Table().with_column("Resample Yes proportion", resample_yes_proportions).hist(bins=np.arange(.2, .8, .01))
plt.plot(make_array(lower_limit, upper_limit), make_array(0, 0), c='r', lw=10);

<div class="hide">\pagebreak</div>
Your confidence interval should overlap the number 0.5.  That means we can't be very sure whether Proposition 68 is winning, even though the sample Yes proportion is a bit above 0.5.

The Yes on 68 campaign really needs to know whether they're winning.  It's impossible to be absolutely sure without polling the whole population, but they'd be okay if the standard error was only 0.005.  They ask Michelle to run a new poll with a sample size that's large enough to achieve that.  (Polling is expensive, so the sample also shouldn't be bigger than necessary.)

Michelle consults Chapter 14 of your textbook.  Instead of making the conservative assumption that the population standard deviation is 0.5 (coding Yes voters as 1 and No voters as 0), she decides to assume that it's equal to the standard deviation of the sample,

$$\sqrt{(\text{Yes proportion in the sample}) \times (\text{No proportion in the sample})}.$$

Under that assumption, Michelle decides that a sample of 9,975 would suffice.

**Question 2.7.** Does Michelle's sample size achieve the desired standard error? What standard error would you achieve with a smaller sample size? A higher sample size? To explore this, first compute the standard error obtained by using Michelle's sample size.

In [None]:
estimated_population_sd = ...
michelle_sample_size = ...
michelle_se = ...
print("With Michelle's sample size, you would predict a SE of %f." % michelle_se)
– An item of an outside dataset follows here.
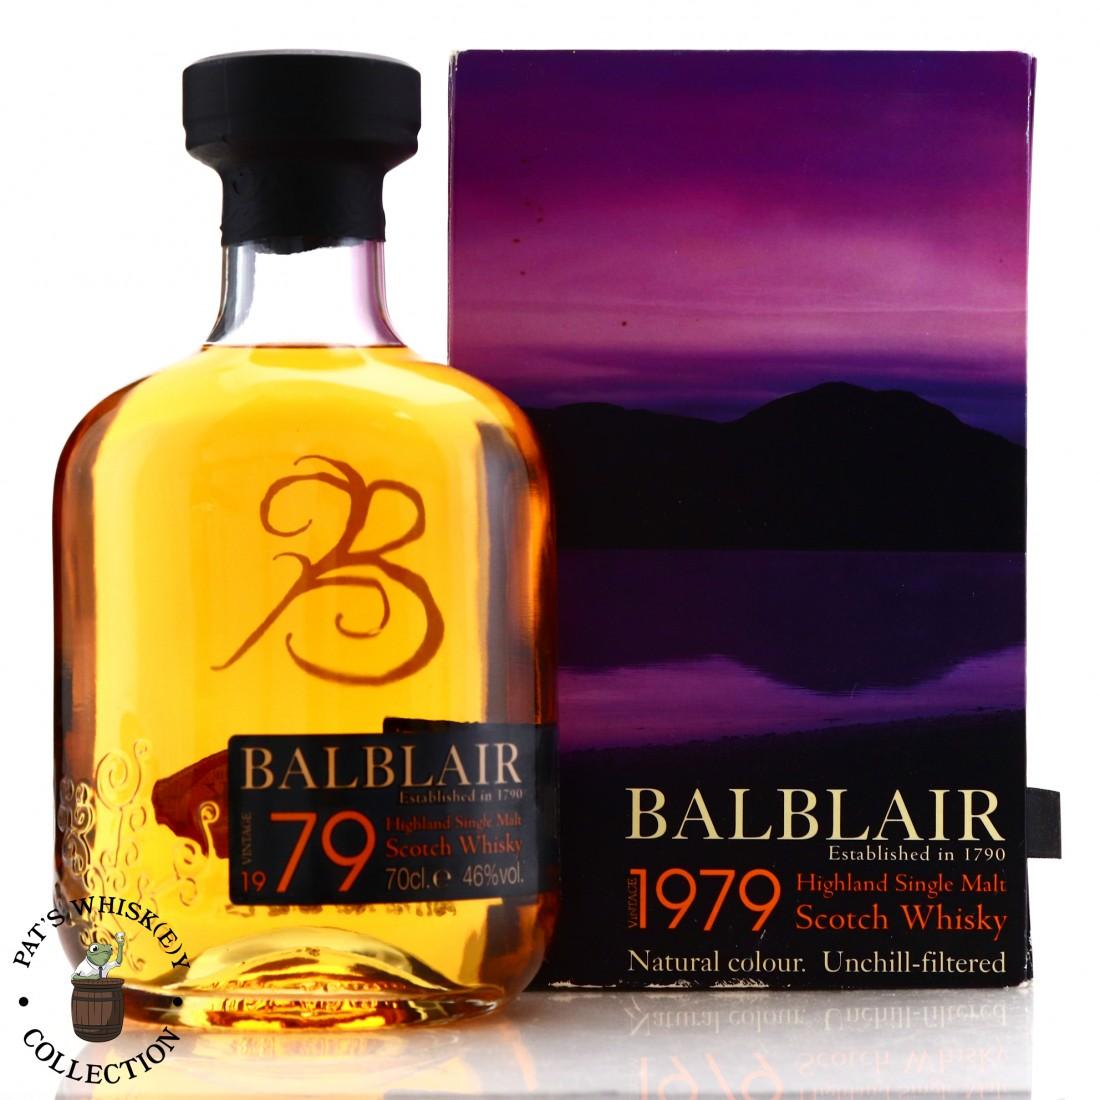 Balblair 1979 1st Release

Then, compute the SE that you would get from a smaller sample size. Ideally, you should pick a number that is significantly smaller, but any sample size smaller than Michelle's will do. 

In [None]:
smaller_sample_size = ...
smaller_se = ...
print("With this smaller sample size, you would predict an SE of %f" % smaller_se)

Finally, compute the SE that you would get from a larger sample size. Here, a number that is significantly larger would make any difference more obvious, but any sample size larger than Michelle's will do. 

In [None]:
larger_sample_size = ...
larger_se = ...
print("With this larger sample size, you would predict an SE of %f" % larger_se)

## 3. Reflection

Please reflect on how the homework went by going to Canvas, going to the Quizzes link, and clicking on [Reflection on homework 9](https://yale.instructure.com/courses/76050/quizzes/52315)


## 4. Submission

Once you're finished, submit your assignment as a .pdf (download as .html, then print to save as a .pdf) on Gradescope.